From the Sept. 16, 2012 edition of the Missoulian
EDITORIAL BOARD: Publisher Jim McGowan, Editor Sherry Devlin, Opinion Editor Tyler Christensen

Tourism has been a growing bright spot in western Montana’s economy, even as other major economic sectors – think real estate and forest-based jobs – have lagged. Recent numbers indicate that this past summer season was no exception.

The entire state’s tourism industry saw another strong summer, although different parts of the state likely filled with tourists for different reasons. Eastern Montana, undoubtedly, filled many of its vacant hotel, motel and other available rooms with Bakken Oil Field workers. But that wasn’t the case in Glacier National Park, where visitation soared by nearly 14 percent over last year.

Overall, some 1.7 million visitors came to Glacier National Park from the first of the year through August, compared to 1.5 million by the same time last year. Visitation numbers were higher this year than last year for each month of May, June, July and August. And although the season is certainly winding down, western Montana’s national park is still, of course, open and ready to welcome more visitors.

So are Montana’s innkeepers and airports, both of which also have good reason to celebrate this past summer’s statistics. According to the Montana Department of Transportation, airport traffic rose by 7 percent in June and 8 percent in July. Meanwhile, according to the University of Montana’s Institute of Tourism and Recreation Research, Montana saw the highest hotel occupancy rates in the nation – 84 percent – during the month of July. Through June and July, the state kept occupancy rates higher than the national average, and for the year to date, hotel occupancy increased by 3 percent. This translates into more revenue for Montana’s innkeepers – an increase of nearly 10 percent over last year, according to Smith Travel Research.

And it translates into more money going to Montana’s general fund, as well as more money going toward the state’s tourism marketing efforts. Montana levies a 4 percent lodging facility use tax and a 3 percent lodging facility sales tax on most overnight facilities, including hotels, campgrounds, and bed and breakfasts. That 3 percent is what goes to the general fund.

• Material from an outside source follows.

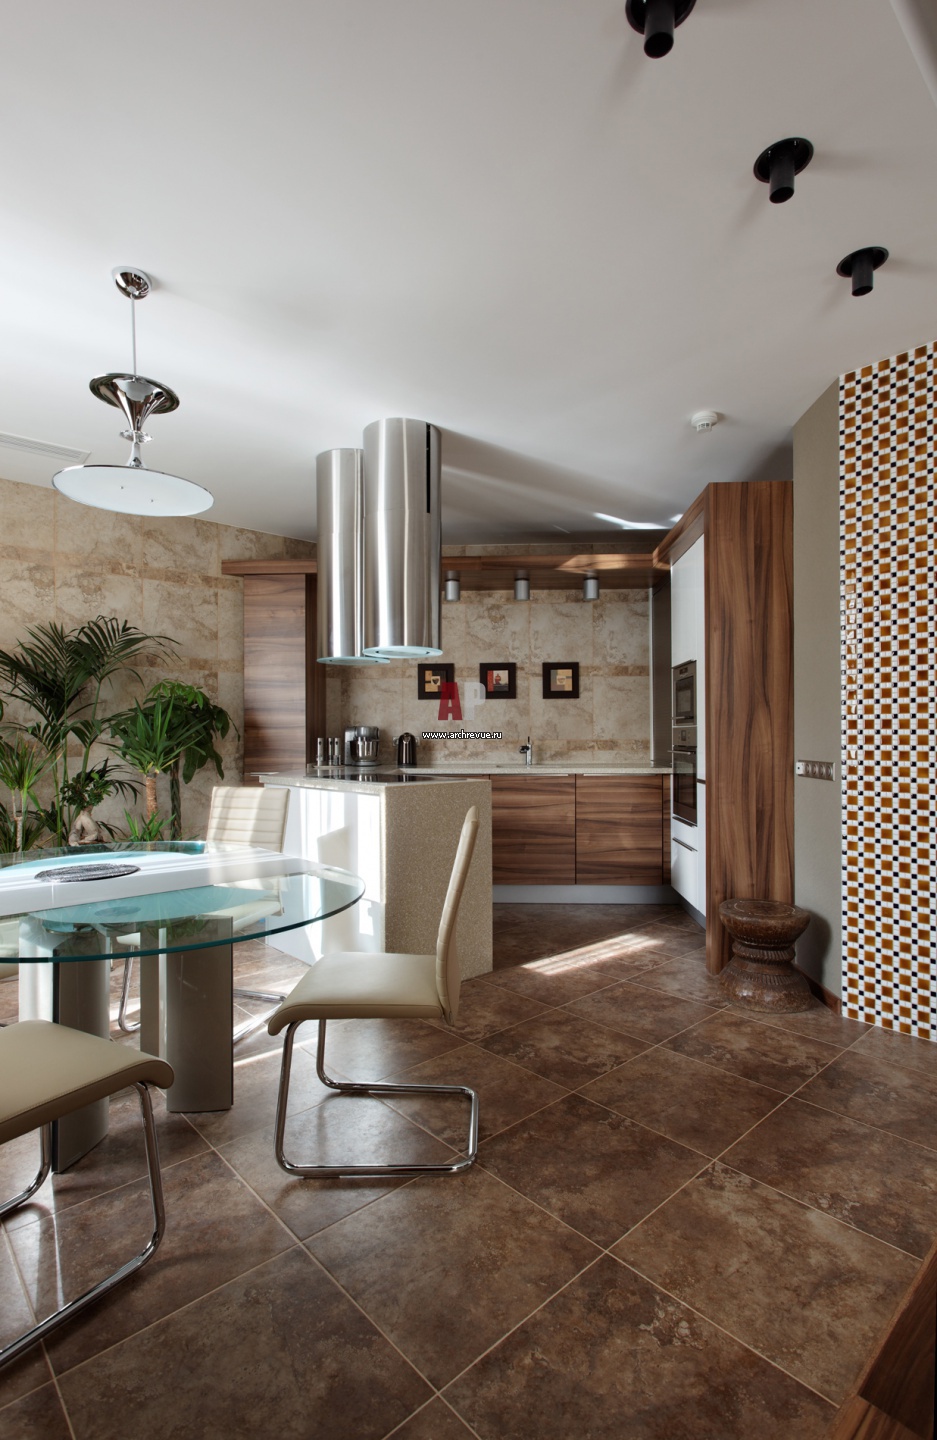 Интерьер гостиной с кухней в современном стиле 30 кв м
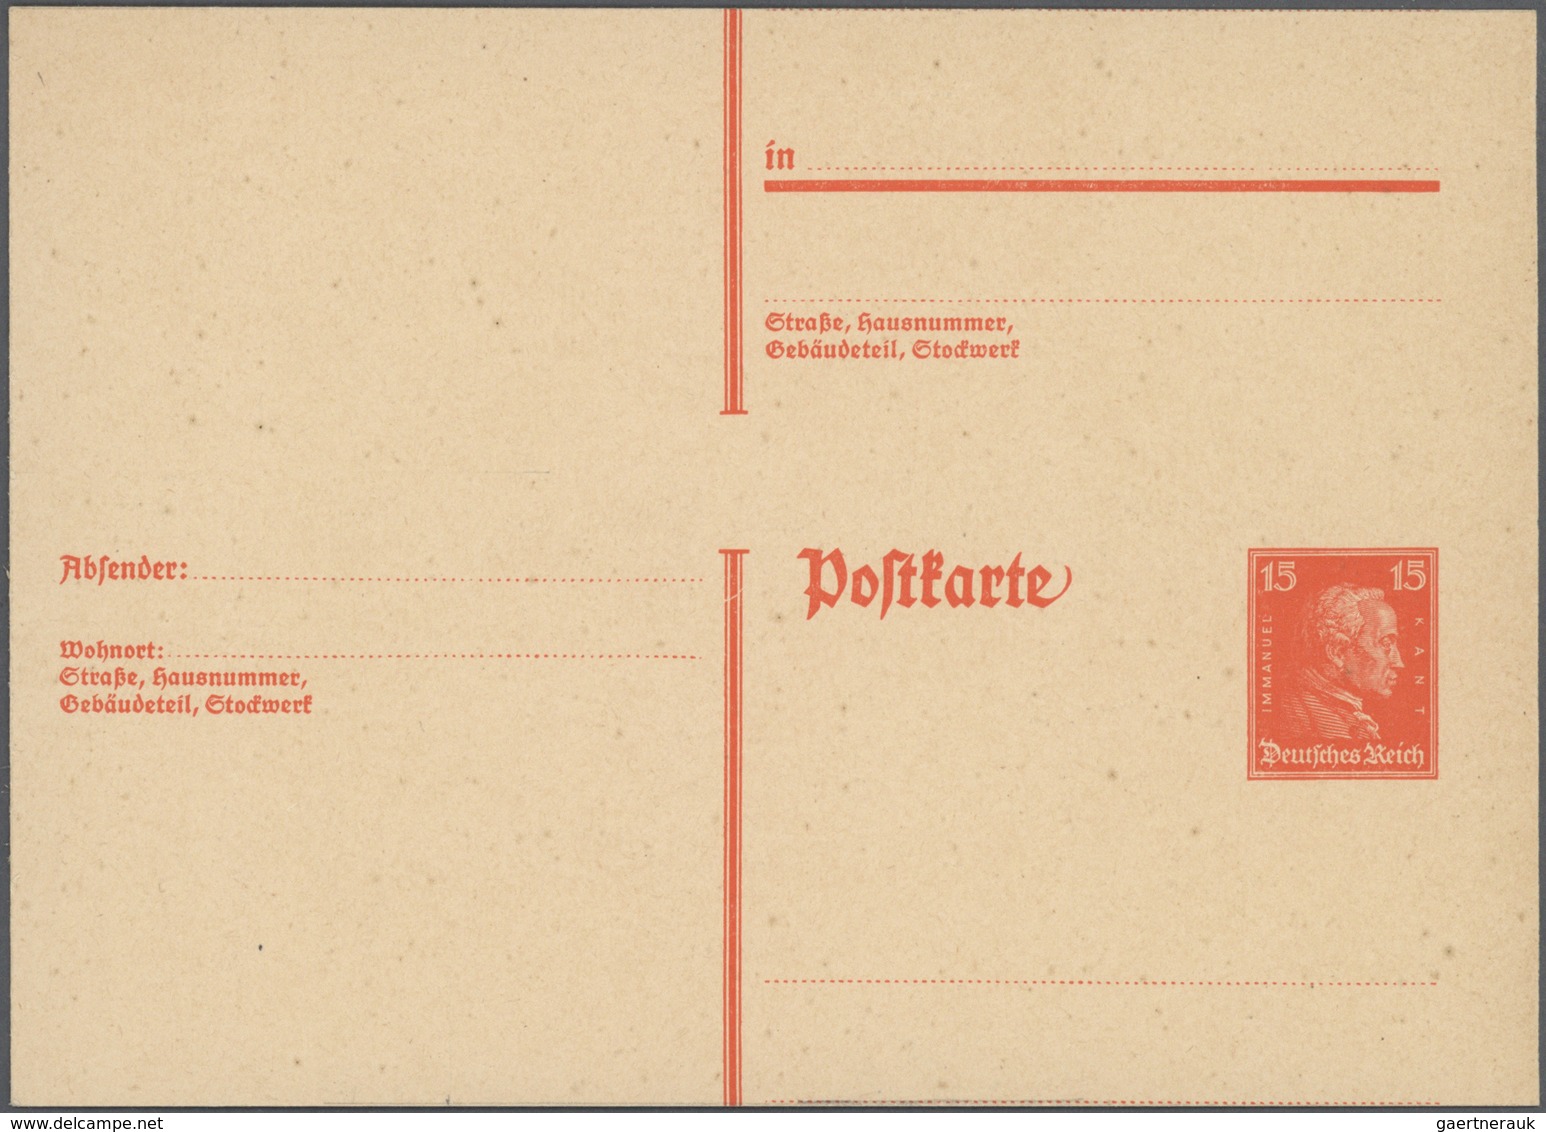 Deutsches Reich - Ganzsachen: 1875/1932, umfangreiche, ungebrauchte und gebrauchte Ganzsachenkarten-

The other 4 percent is turned over to the Revenue Service, which divvies up $400,000 a year for the Montana Heritage Preservation Fund, and divides the rest of it thusly: 1 percent to the Montana Historical Society; 2.5 percent to fund the Montana Travel Research Program; 6.5 percent to Fish, Wildlife and Parks for facility maintenance; 22.5 percent to regional nonprofit tourism corporations in Montana or similar entities; and 67.5 percent to the Commerce Department.